私は山に住んでいる。しかし若いころは海辺に住むのが憧れだったし、三陸海岸は訪れてみたい場所だった。以前住んだマルセイユの近くには、リアス式海岸とかフィヨルドと呼ぶには規模が小さいが、入り組んだ入り江の連続する場所があり、カランクと呼ばれていた。

景色がよく、夏場にはよく訪れた。白い浜辺の海岸もいいが、山が海に迫った海岸を海側から見ていくのも楽しかった。三陸海岸は訪れたことがなく、いつの日かと思っていた。

しかし、この災害で、しばらくはいけないだろう。景色がよく、海の幸が豊富なこの地が、観光客を受け入れるのはずいぶん先のことになるだろう。

海辺が津波でこわいなら、山なら大丈夫か、それは言えない。今住んでいるところは高度1000メートルの山間地だが、浅間山噴火の危険はあるし、台風や大雨で、山崩れ、がけ崩れ、倒木、落石、などの危険があり、その結果の道路寸断や、通行不能、停電、断水など、いともたやすく起るだろう。

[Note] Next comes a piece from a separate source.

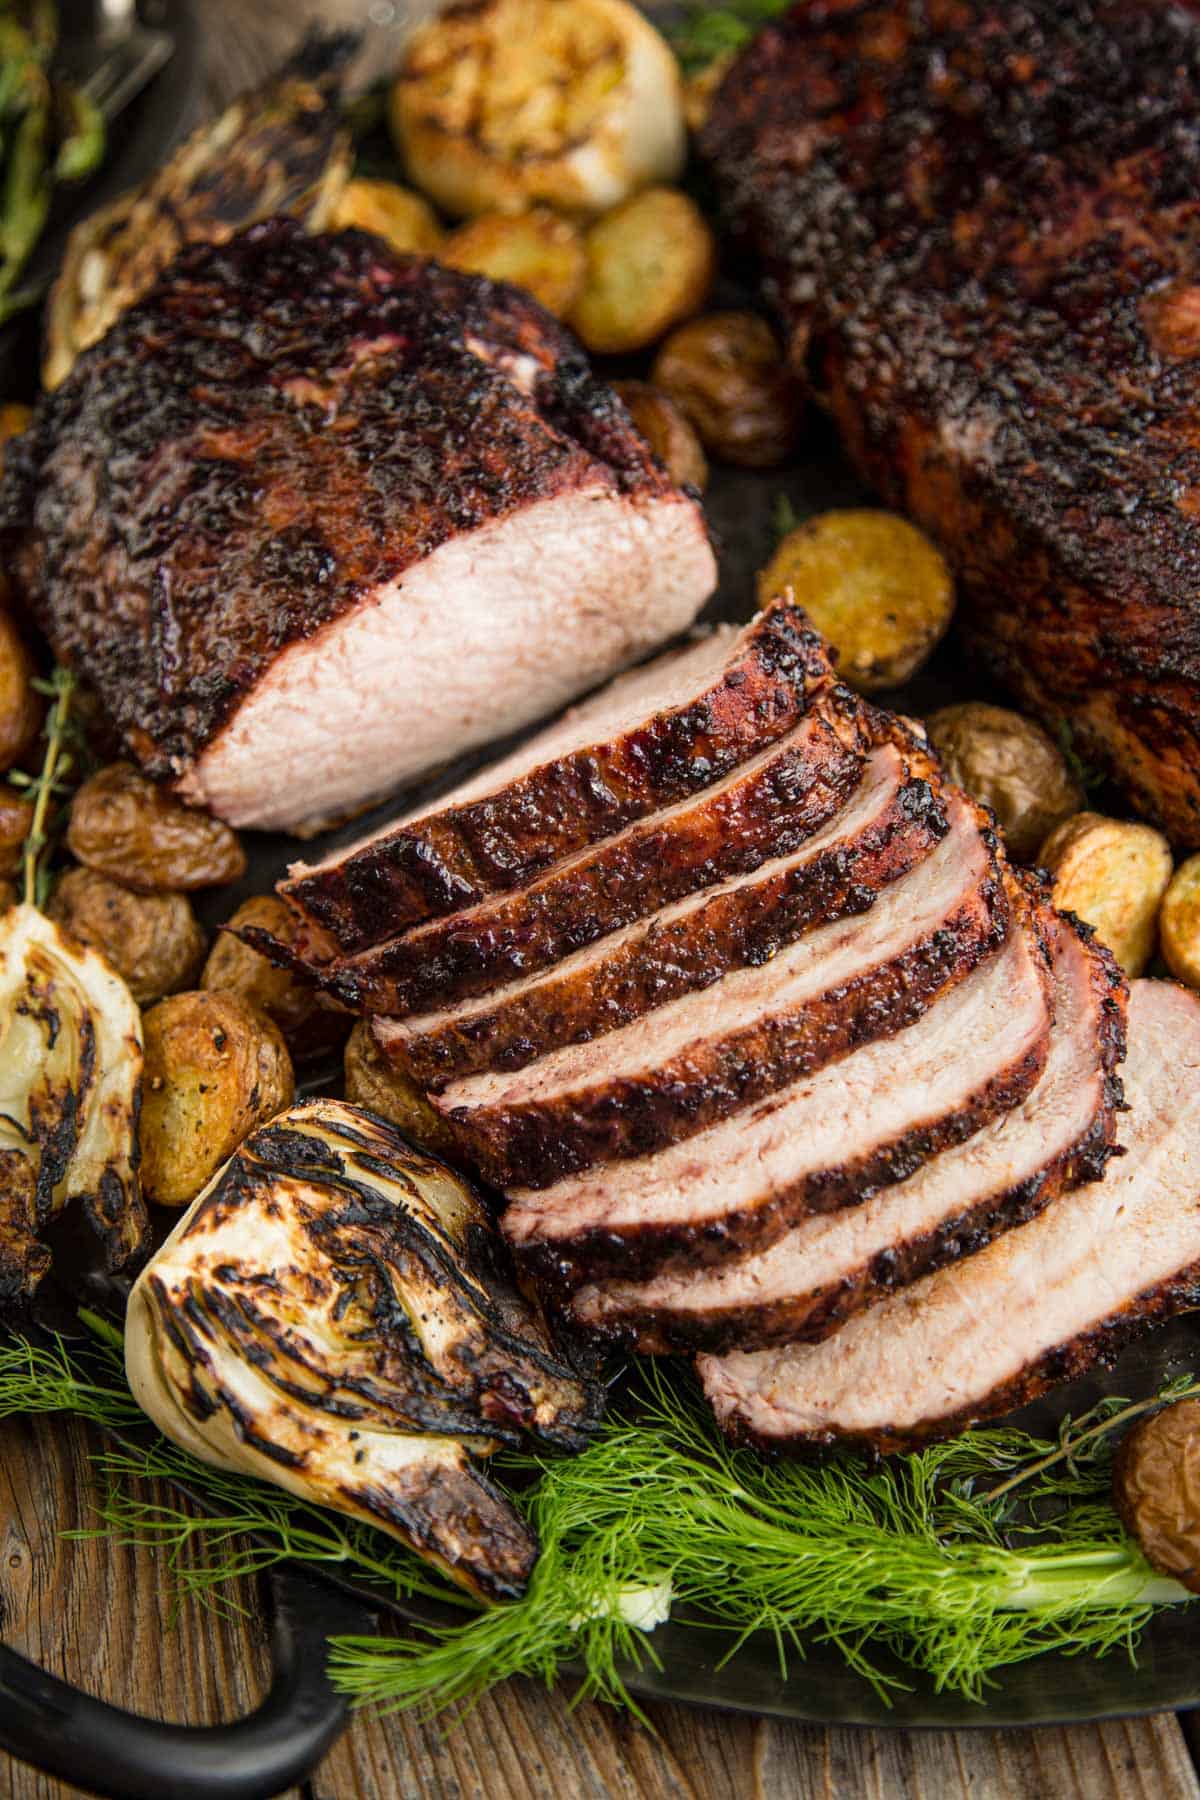 Slices of Grilled Pork Loin on a platter with roasted potatoes

どこに住めばいいのか。どのような家屋にすめばいいのか、いろいろ考える。ここが安全ですと言われても、必ずしも住めるものではない。私たちはもう退職者として、住む場所を選ばなくてもすむけれど、それでも外国とも言われれば、身うちや友人の意見も聞きたくなる。

パオに住んで、いつでも移動可能なモンゴルの遊牧民のように暮らすか、ベドウィン的生活をするか、エスキモーのように氷上での生活を選ぶか、移動を簡単にすれば、こういった喪失感はもたずにすむのかもしれない。

いずれにせよ、これまでの定着したと思っていた暮らしは、砂上の楼閣にすぎないことがわかった。